Living With Type 2 Diabetes Is Family Affair
Family involvement is crucial to diabetes control.
Resolving Family Roles continued...
Unless the illness is overlaid on intense, unresolved conflicts, this doesn't mean weeks or months of family therapy.
"Sometimes just normalizing the emotional response to illness and giving people a space to talk with each other channels things in a constructive direction, rather than all that anxiety getting discharged as anger," McDaniel says. "Emotional reactions to illnesses like diabetes are totally normal. Being scared and angry and wondering what is to blame happens to everybody. It happens to family members as well as to patients. That is really important for people to expect. But they should know that it will get better. They will find a place for their feelings and for the illness."
Two basic things have to happen. Everybody in the family needs to feel that they matter -- that what they are doing is helping. And everybody in the family needs to feel that the meaning they make of the experience connects them to one another.

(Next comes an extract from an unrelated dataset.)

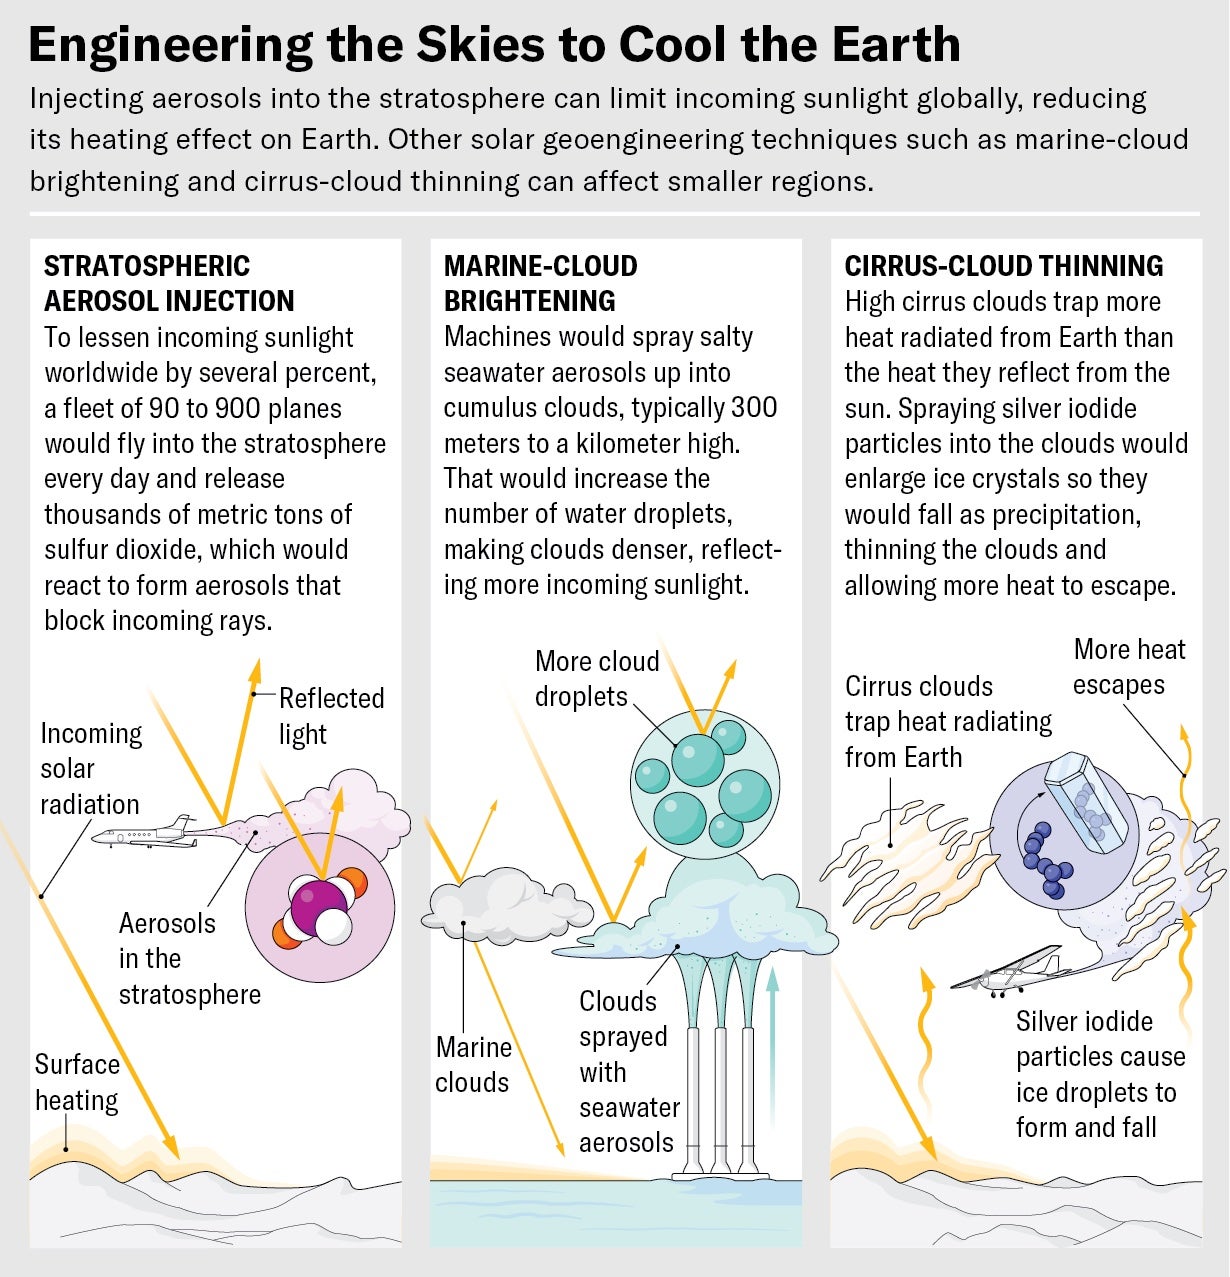 Graphic illustrates the basic premise behind three solar geoengineering techniques; stratospheric aerosol injection, marine-cloud brightening and cirrus-cloud thinning.

This works best when the family pulls together as a team, Fisher says. He lays out four basic rules:
- Respect differences of opinion, and resolve them in a collaborative way.
- Acknowledge differences of beliefs between spouses.
- Have empathy for what it is like to be the spouse of a patient.
- Respect the patient.
Jacobson says it's important for families to know what it is they're up against -- and to know that they aren't the only ones struggling with type 2 diabetes.
"What they are combating is a combination of biology and culture," he says. "The biology is that when we were designed, we were clearly made to meet the problems of having too little food. Having the capacity to store food was a benefit. Now that conflicts with our fast-food culture. It is a tremendous disadvantage."
Families soon find that it's not at all easy to make the changes now imposed on them. This generates anger.
"It is important for families to realize what they are working against. They have to realize that to make change they need as powerful a team as they can muster. They are in it together," Jacobson says. "There is no simple, quick solution. Maybe someday there will be a pill to take to make sure you are no more than 10% over your best body weight -- but now it is a matter of diet and exercise."